Constructing a knowledge graph of geological hazards literature can facilitate the reuse of geological hazards literature and provide a reference for geological hazard governance. Named entity recognition (NER), as a core technology for constructing a geological hazard knowledge graph, has to face the challenges that named entities in geological hazard literature are diverse in form, ambiguous in semantics, and uncertain in context. This can introduce difficulties in designing practical features during the NER classification. To address the above problem, this paper proposes a deep learning-based NER model; namely, the deep, multi-branch BiGRU-CRF model, which combines a multi-branch bidirectional gated recurrent unit (BiGRU) layer and a conditional random field (CRF) model.

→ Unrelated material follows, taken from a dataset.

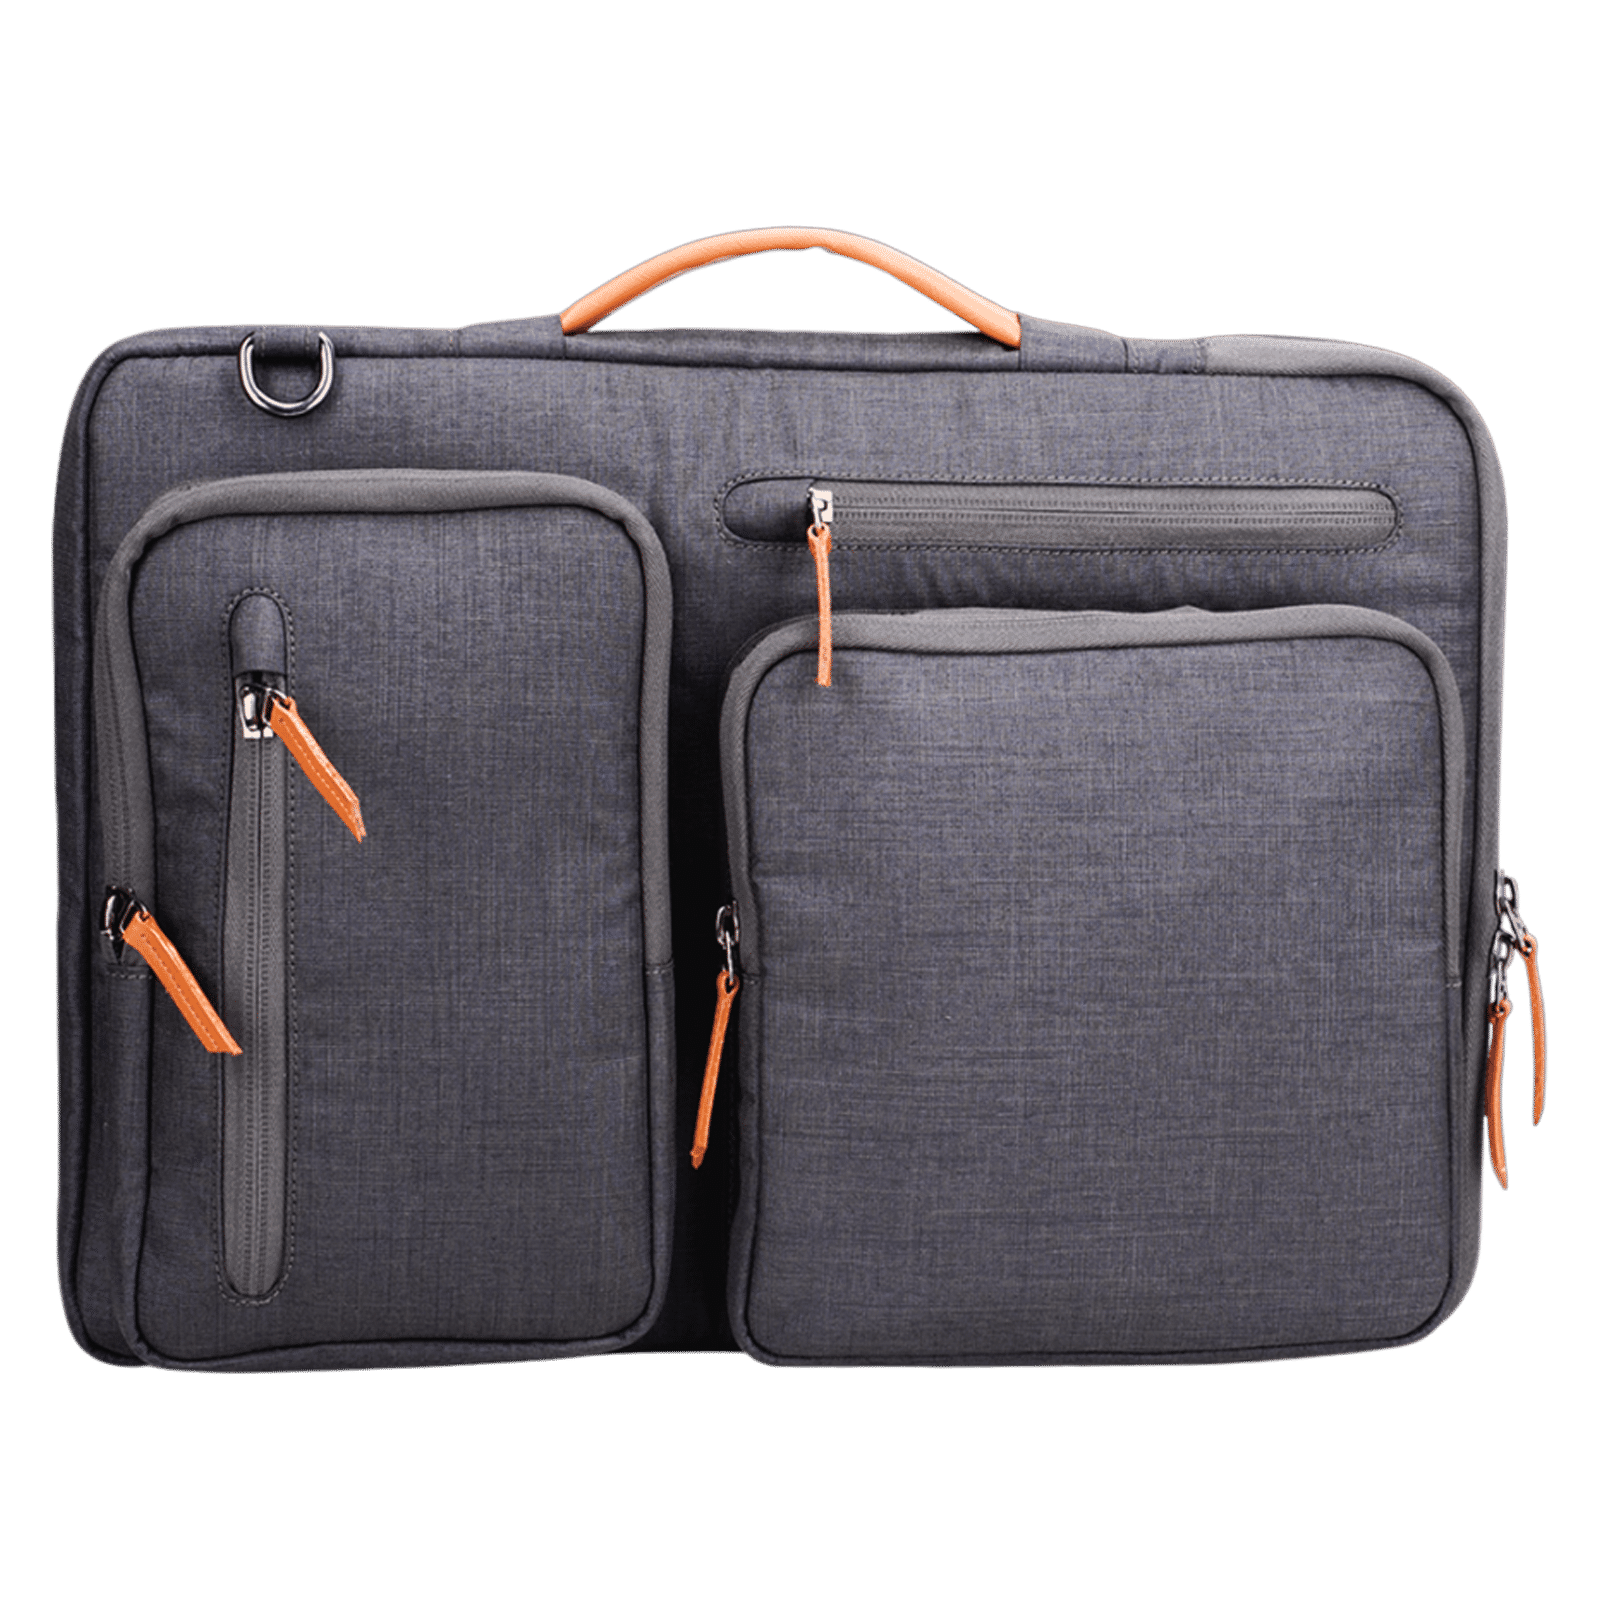 Omega Strolly (croma Tex) Hard Luggage Bags at Best Price in Mumbai | Vip  Industries Ltd.

In an end-to-end and supervised process, the proposed model automatically learns and transforms features by a multi-branch bidirectional GRU layer and enhances the output with a CRF layer. Besides the deep, multi-branch BiGRU-CRF model, we also proposed a pattern-based corpus construction method to construct the corpus needed for the deep, multi-branch BiGRU-CRF model. Experimental results indicated the proposed deep, multi-branch BiGRU-CRF model outperformed state-of-the-art models. The proposed deep, multi-branch BiGRU-CRF model constructed a large-scale geological hazard literature knowledge graph containing 34,457 entities nodes and 84,561 relations.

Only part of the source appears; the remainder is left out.